Tangled Up in Dylan

The enduring appeal of a legendary American songwriter

Bob Dylan and Joan Baez perform at March on Washington (National Archives)
Bob Dylan and Joan Baez perform at March on Washington (National Archives)

 

Bob Dylan by Greil Marcus: Writings 1968–2010, by Greil Marcus, Public Affairs, 481 pp., $29.95

Bob Dylan in America, by Sean Wilentz, Doubleday, 390 pp., $28.95

On May 24, 2011, Bob Dylan turns 70. He is still performing. Indeed, his Never Ending Tour has been on the road since 1988. Before he takes the stage, the audience hears the following introduction: “Ladies and gentlemen, please welcome the poet laureate of rock ’n’ roll. The voice of the promise of the ’60s counterculture. The guy who forced folk into bed with rock, who donned makeup in the ’70s and disappeared into a haze of substance abuse, who emerged to find Jay-sus, who was written off as a has-been by the end of the ’80s, and who suddenly shifted gears, releasing some of the strongest music of his career beginning in the late ’90s. Ladies and Gentlemen, Bob Dylan!”

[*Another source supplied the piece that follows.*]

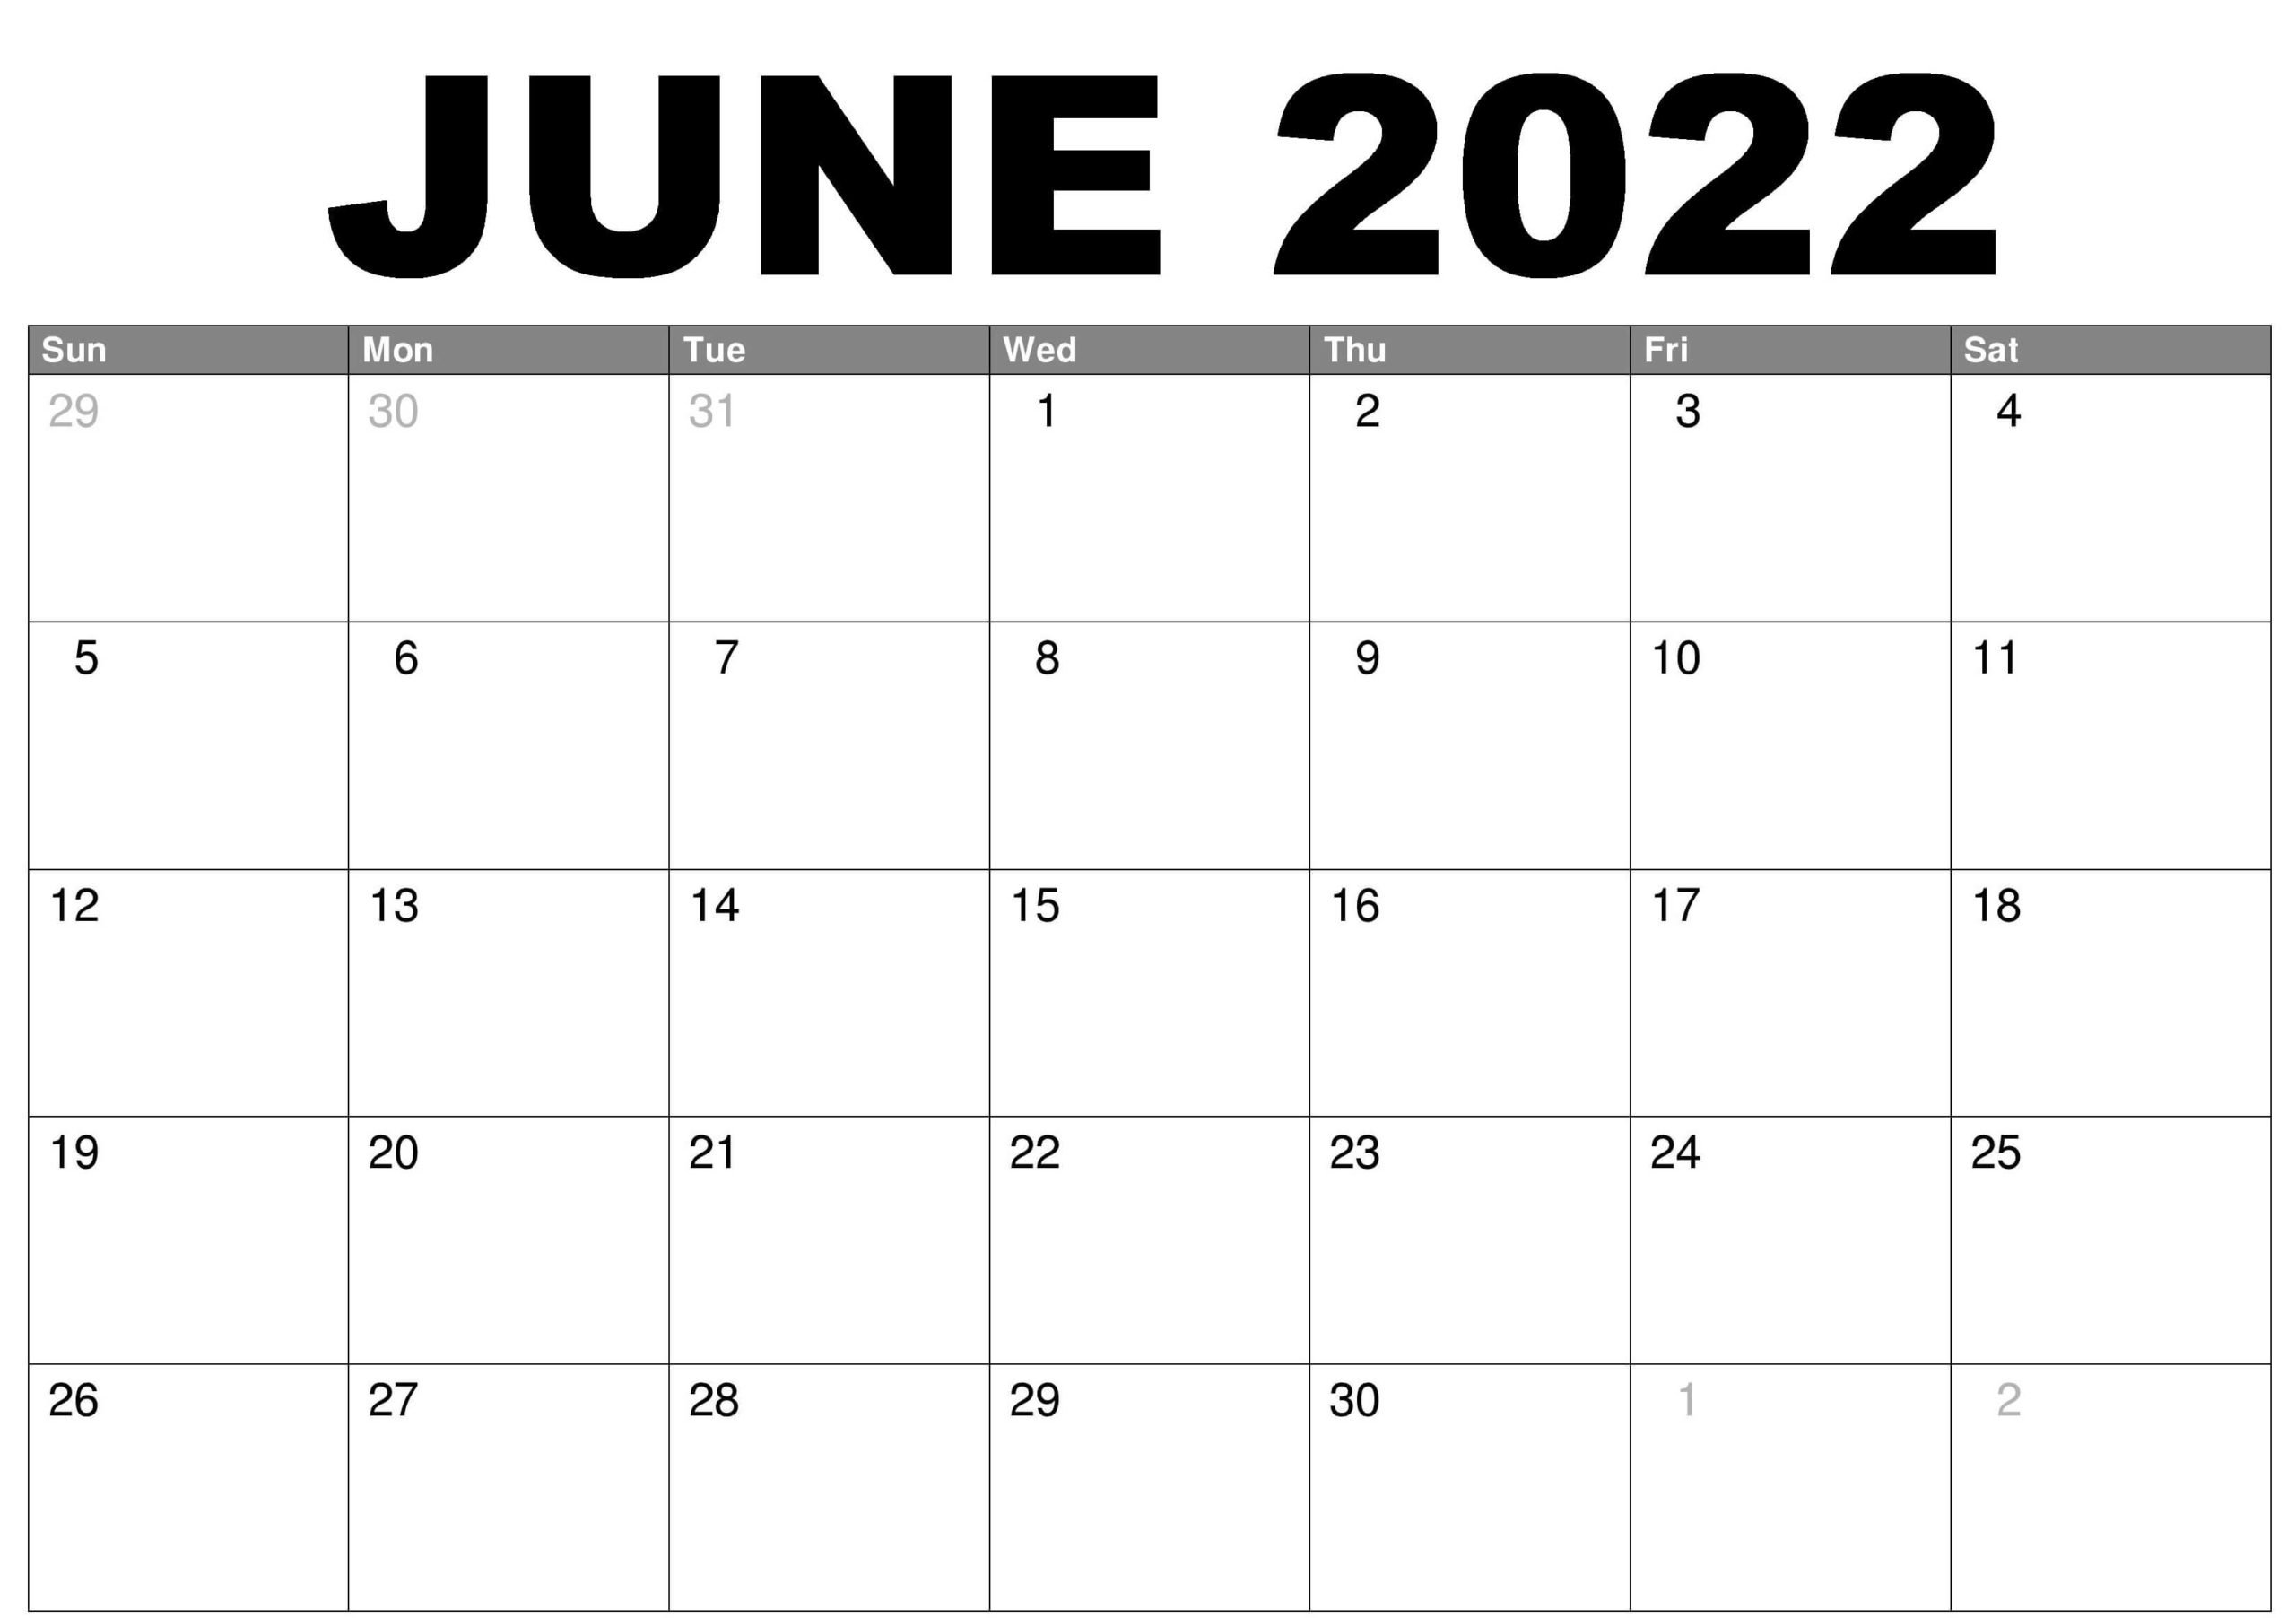 June calendar 2022 template

No cultural critic has contemplated the meaning of Dylan’s music and career more thoroughly than Greil Marcus, who was 18 years old in 1963 when he first heard the singer perform. Marcus recalls being transfixed. Who was this scruffy, diffident youngster standing alone with guitar and harmonica, yet performing songs that told the country’s story in a new way, that promised even to change the nation’s history?

In the next several years, Dylan was hailed as the voice of a generation and denounced as a Judas. After a motor­cycle accident in 1966, he withdrew from touring until 1974. He also released three albums, Bringing It All Back Home (1965), Highway 61 Revisited (1965), and Blonde on Blonde (1966) that transcend nearly anything else ever created by a rock musician. Dylan himself looks back with wonder on his creative outburst during those years. “You’ve got to have power and dominion over the spirits,” he wrote in 2004.

What makes this collection of writings so welcome is that Marcus’s career as a critic began just after those profound and turbulent times; over half the book covers Dylan’s career since 1990. This is not to say that Marcus has not analyzed Dylan’s work from the mid-1960s. Like a Rolling Stone: Bob Dylan at the Crossroads (2005) is the most acute study of what many consider the most important song in rock ’n’ roll history. And The Old, Weird America (1997) probes the depths and dimensions of the basement tapes, recordings of dozens of songs performed with members of the Hawks, soon to be known as The Band. Dylan himself provided a blurb: “This book is terminal. Goes deeply into the subconscious and plows through that period of time like a rake.”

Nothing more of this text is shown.